Show every line of the data where the word "World" can be found.

Items from a dataset →

Segment Open

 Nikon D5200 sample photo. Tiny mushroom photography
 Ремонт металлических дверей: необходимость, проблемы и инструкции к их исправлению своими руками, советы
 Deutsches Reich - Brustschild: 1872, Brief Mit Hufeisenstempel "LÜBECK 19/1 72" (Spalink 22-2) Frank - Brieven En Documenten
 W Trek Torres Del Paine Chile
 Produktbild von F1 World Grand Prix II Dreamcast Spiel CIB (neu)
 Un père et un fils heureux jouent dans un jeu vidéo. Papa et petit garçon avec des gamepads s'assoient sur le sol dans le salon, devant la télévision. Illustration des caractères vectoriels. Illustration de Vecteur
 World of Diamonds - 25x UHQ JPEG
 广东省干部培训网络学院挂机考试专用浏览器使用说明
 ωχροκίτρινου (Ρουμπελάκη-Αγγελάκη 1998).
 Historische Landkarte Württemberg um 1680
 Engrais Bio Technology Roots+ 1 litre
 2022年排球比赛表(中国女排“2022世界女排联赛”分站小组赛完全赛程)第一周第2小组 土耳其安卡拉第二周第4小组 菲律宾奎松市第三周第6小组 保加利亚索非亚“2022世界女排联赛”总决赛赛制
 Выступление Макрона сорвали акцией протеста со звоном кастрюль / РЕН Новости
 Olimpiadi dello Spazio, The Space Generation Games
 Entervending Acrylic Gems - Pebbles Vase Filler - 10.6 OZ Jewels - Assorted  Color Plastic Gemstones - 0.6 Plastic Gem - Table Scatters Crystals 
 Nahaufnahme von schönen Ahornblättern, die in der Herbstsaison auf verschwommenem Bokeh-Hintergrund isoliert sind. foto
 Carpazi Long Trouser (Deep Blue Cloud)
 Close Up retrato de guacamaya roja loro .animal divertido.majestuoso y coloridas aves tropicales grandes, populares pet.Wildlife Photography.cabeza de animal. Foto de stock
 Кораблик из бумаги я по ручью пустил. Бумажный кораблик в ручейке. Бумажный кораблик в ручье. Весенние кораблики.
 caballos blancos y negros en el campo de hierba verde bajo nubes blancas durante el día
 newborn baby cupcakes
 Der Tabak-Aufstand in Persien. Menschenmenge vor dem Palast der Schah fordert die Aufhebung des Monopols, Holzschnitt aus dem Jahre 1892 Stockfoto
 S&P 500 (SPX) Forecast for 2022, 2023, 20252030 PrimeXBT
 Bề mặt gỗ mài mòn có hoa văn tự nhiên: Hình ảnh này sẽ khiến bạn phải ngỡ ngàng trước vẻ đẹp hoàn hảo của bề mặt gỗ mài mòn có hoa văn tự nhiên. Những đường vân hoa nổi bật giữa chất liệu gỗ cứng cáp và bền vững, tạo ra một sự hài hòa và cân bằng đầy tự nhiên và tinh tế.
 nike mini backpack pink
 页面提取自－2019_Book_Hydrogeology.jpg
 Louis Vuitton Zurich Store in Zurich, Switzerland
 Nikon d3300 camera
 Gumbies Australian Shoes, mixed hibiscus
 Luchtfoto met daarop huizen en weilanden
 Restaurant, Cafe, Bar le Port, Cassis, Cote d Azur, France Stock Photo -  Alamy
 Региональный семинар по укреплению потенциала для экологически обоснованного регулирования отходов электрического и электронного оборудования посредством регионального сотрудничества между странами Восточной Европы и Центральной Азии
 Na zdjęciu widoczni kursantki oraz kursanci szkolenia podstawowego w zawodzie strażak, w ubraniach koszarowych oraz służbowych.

Segment Closed

Output for this exercise →
 Produktbild von F1 World Grand Prix II Dreamcast Spiel CIB (neu)
 World of Diamonds - 25x UHQ JPEG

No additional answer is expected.